O cenário vivido nesta quarta-feira (22) por quase 150 municípios gaúchos, na primeira onda de chuvas causadas pelo El Niño no Estado, acende diversos alertas. Mesmo quase dois anos depois das enchentes de 2024, mesmo com os avisos desde a semana passada, mesmo com a confirmação do fenômeno climático há semanas, a resposta foi longe do ideal. Pelo menos 200 pessoas foram retiradas de casa, o que expõe, pelo menos, algumas falhas. Seja no preparo prévio, afinal, não foram criadas redes de proteção, seja na identificação da necessidade que, talvez, alguns lugares realmente já não sejam habitáveis no Estado.
O clima raramente traz impactos sem aviso prévio. Por isso, a cada vez que falhamos na proteção e perdemos vidas, ou pessoas têm seus lares destruídos, há essa sensação de que a resposta dos órgãos públicos poderia ter sido melhor. Diante do cenário de El Niño forte ao longo dos próximos meses, é fundamental que sejam fortalecidas essas redes. Todos sabemos que vai chover acima da média, principalmente a partir da primavera. Não fazer nada é uma escolha.

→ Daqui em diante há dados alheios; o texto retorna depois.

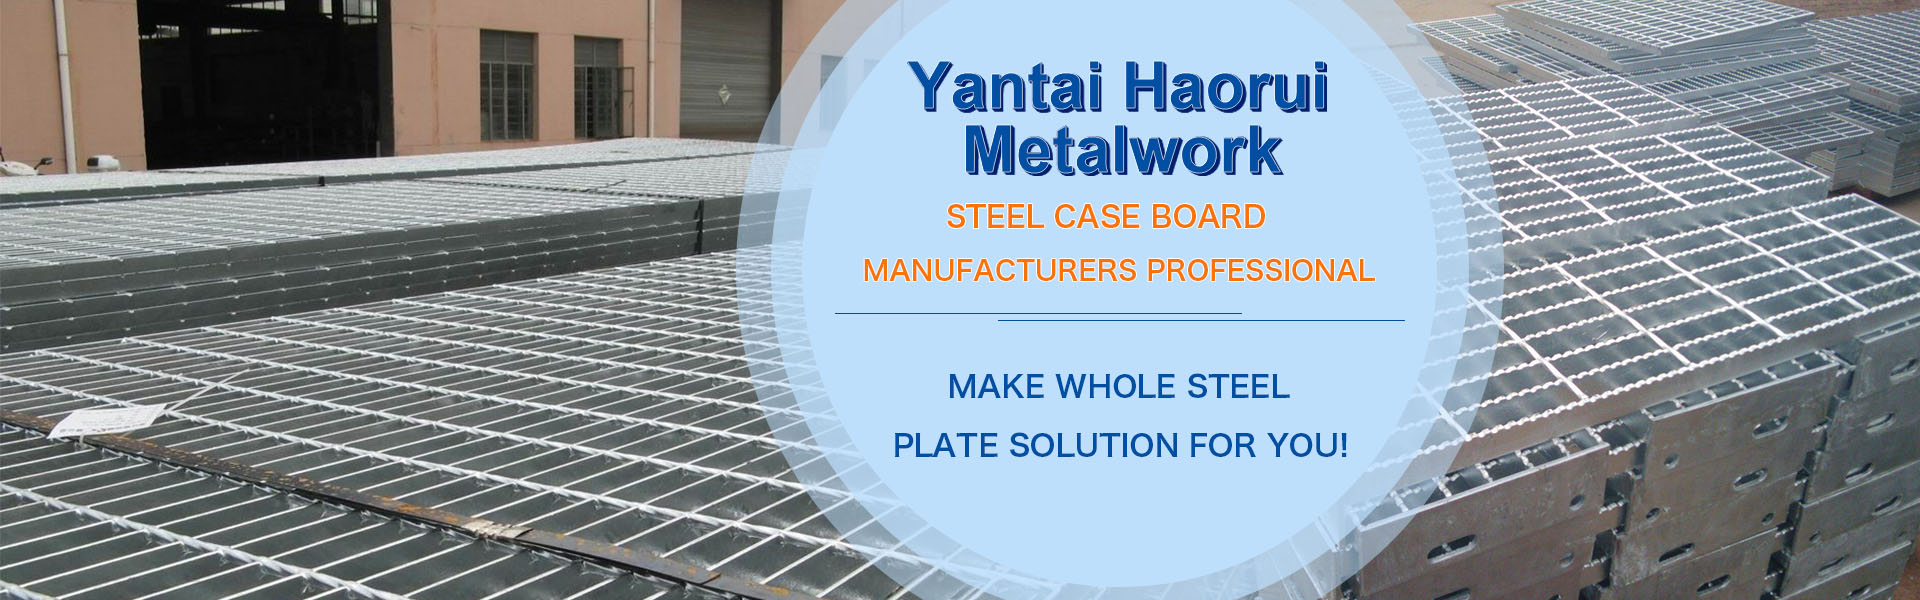 Yantai Haorui Metalwork Co., Ltd.

Só que o tema climático, infelizmente, está sendo levado para o debate político-eleitoral neste ano. Naturalmente, é sim um assunto que precisa ser encarado de frente e nortear as políticas públicas do Estado, mas sem leviandade. Apenas por politicagem, alardeando e assustando as pessoas, chega a ser uma canalhice diante do trauma que vivemos recentemente. É preciso de uma avaliação estruturada e que se transforme em ações práticas voltadas à proteção de vidas e das estruturas. Apenas a crítica pela crítica e a cobrança descabida sem muita lógica joga o tema para o esgoto.

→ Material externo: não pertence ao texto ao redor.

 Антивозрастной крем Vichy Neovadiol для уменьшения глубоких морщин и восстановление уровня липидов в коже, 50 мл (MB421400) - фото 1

O Rio Grande do Sul vive uma nova realidade, mais crítica e lamentavelmente perigosa. Corremos o risco de, mais uma vez, perder vidas para o clima. A resposta efetiva é o único caminho, com adaptações estruturais das comunidades e ações prévias de proteção. Apenas prever e avisar se vai chover e o quanto não é o suficiente. As áreas de risco devem ser reestruturadas.